About this Training Course
This course provides a comprehensive technical foundation for understanding the full engineering and operational challenges associated with transporting carbon dioxide in CCS and CCUS systems. It covers the entire value chain from CO₂ capture and conditioning through transport in pipelines and alternative modes such as ships, trucks, and rail, with a strong focus on how CO₂ properties influence system design, safety, and operability. The course is designed to bridge CCS system understanding with practical transport engineering considerations in real industrial networks.

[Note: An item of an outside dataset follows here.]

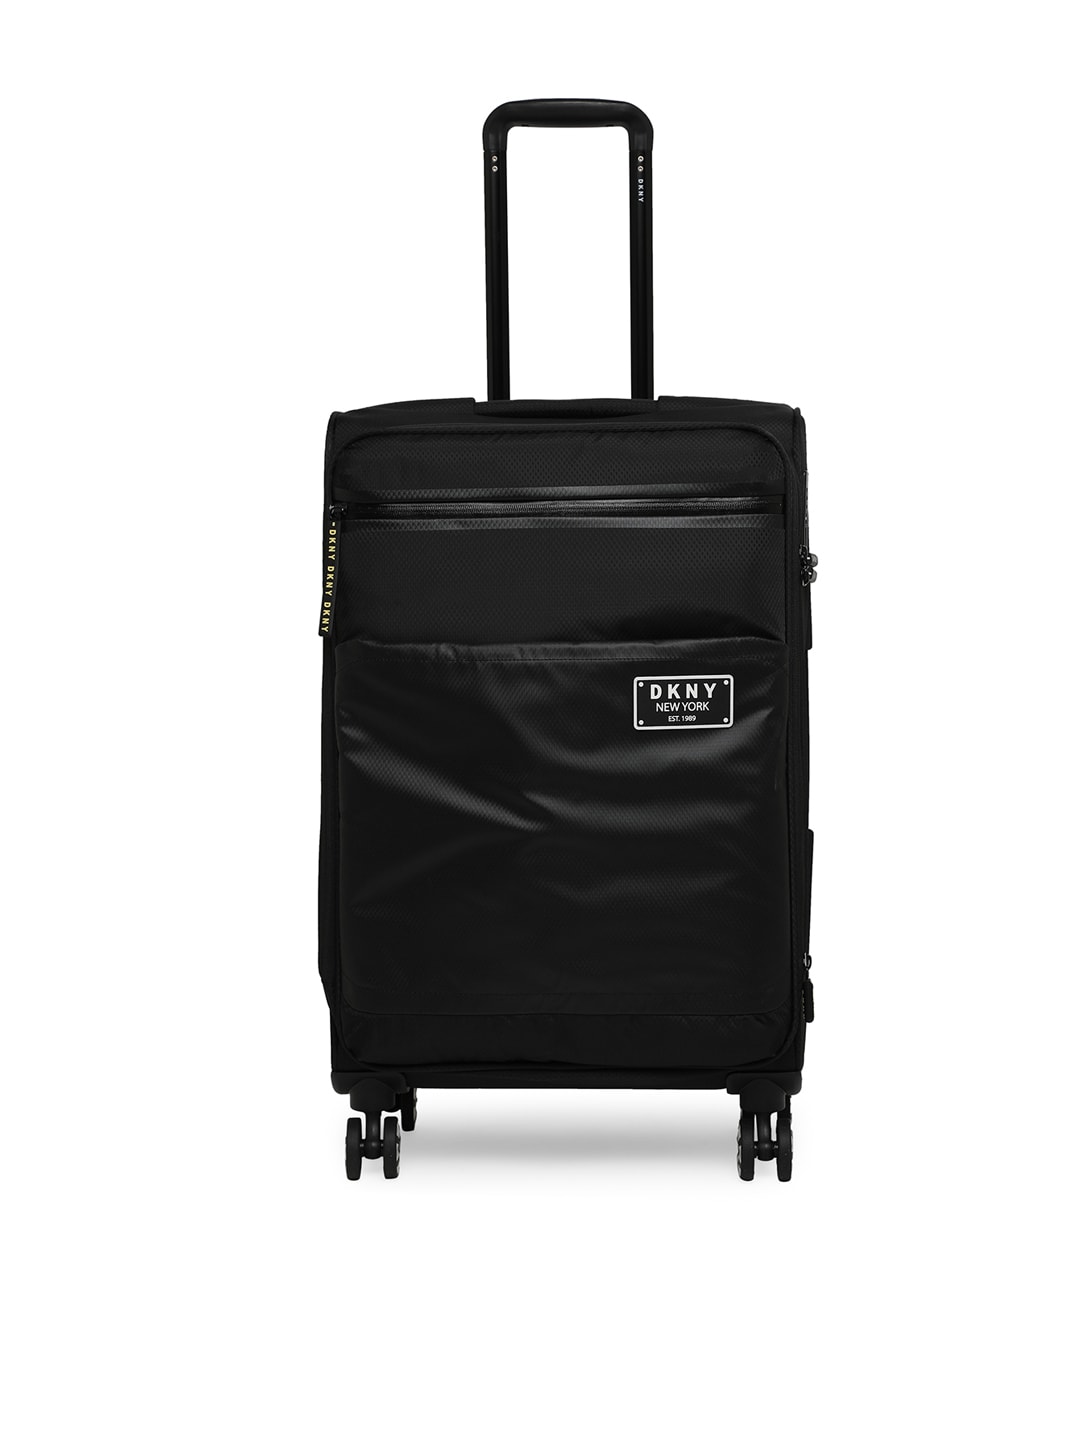 Black Textured GLOBE TROTTER Soft-Sided Medium Trolley Suitcase Price in India

A key emphasis is placed on the unique thermodynamic and physical behaviour of CO₂ and CO₂-rich mixtures, including phase envelope behaviour, dense phase transport conditions, and the impact of impurities such as water, hydrogen sulphide, nitrogen, oxygen, and trace contaminants. Participants will gain a deep understanding of how these properties affect pipeline hydraulics, phase stability, corrosion risks, and overall transport integrity in both steady-state and transient operations.
The course also explores multimodal CO₂ transport systems and CCS hub development concepts, including pipeline networks, shipping interfaces, port operations, and interim storage systems. Operational challenges such as flow assurance, off-spec handling, risk management, and system safety are integrated into a practical framework, enabling participants to understand both the technical and operational dimensions of large-scale CO₂ transport infrastructure.
1. What are CO₂ Transport Networks for CCUS?
CO₂ Transport Networks for CCUS move captured carbon dioxide from industrial sites to storage or utilisation locations. These networks may use pipelines, ships, trucks, or rail. In addition, engineers control pressure, temperature, and CO₂ quality during transport. Therefore, the system can move CO₂ safely and efficiently.
2. Why do operators move CO₂ in dense phase?
Operators move CO₂ in dense phase because it has high density. As a result, more CO₂ can flow through smaller pipelines. Also, dense phase reduces flow instability. However, operators must control pressure, temperature, and impurities to maintain it.
3. How do impurities affect CO₂ pipeline transport?
Impurities can change how CO₂ behaves during transport. For example, water, nitrogen, oxygen, and hydrogen sulphide can affect safety and stability. Water can cause corrosion and hydrates. Meanwhile, nitrogen can reduce density. In addition, hydrogen sulphide adds toxicity and material risks.
4. What are the main challenges in CO₂ pipeline transport?
CO₂ pipeline transport requires stable flow, strong materials, and careful pressure control. Therefore, operators must manage pressure drops and compressor performance. In addition, start-up, shutdown, and depressurisation can create risks. For this reason, designers must assess CO₂ dispersion after accidental releases.
5. What is flow assurance in CO₂ transport systems?
Flow assurance studies how CO₂ moves through transport systems. For example, it reviews pressure drop, phase behaviour, hydrate risk, and operating changes. As a result, operators can avoid unstable flow. Also, they can plan safer start-up, shutdown, and emergency procedures.
6. Why does CO₂ phase behaviour matter in transport design?
CO₂ phase behaviour shows whether CO₂ acts as a gas, liquid, or dense phase. However, small changes can shift CO₂ between phases.
These changes can affect density, flow stability, and safety. Therefore, designers use phase envelopes to avoid two-phase flow.
7. What role do CCUS hubs play in CO₂ transport networks?
CCUS hubs connect multiple emitters to shared transport and storage infrastructure. As a result, industries can reduce costs through shared pipelines and storage sites. In addition, hubs improve network flexibility. Therefore, more emitters can join CO₂ transport networks as capture projects grow.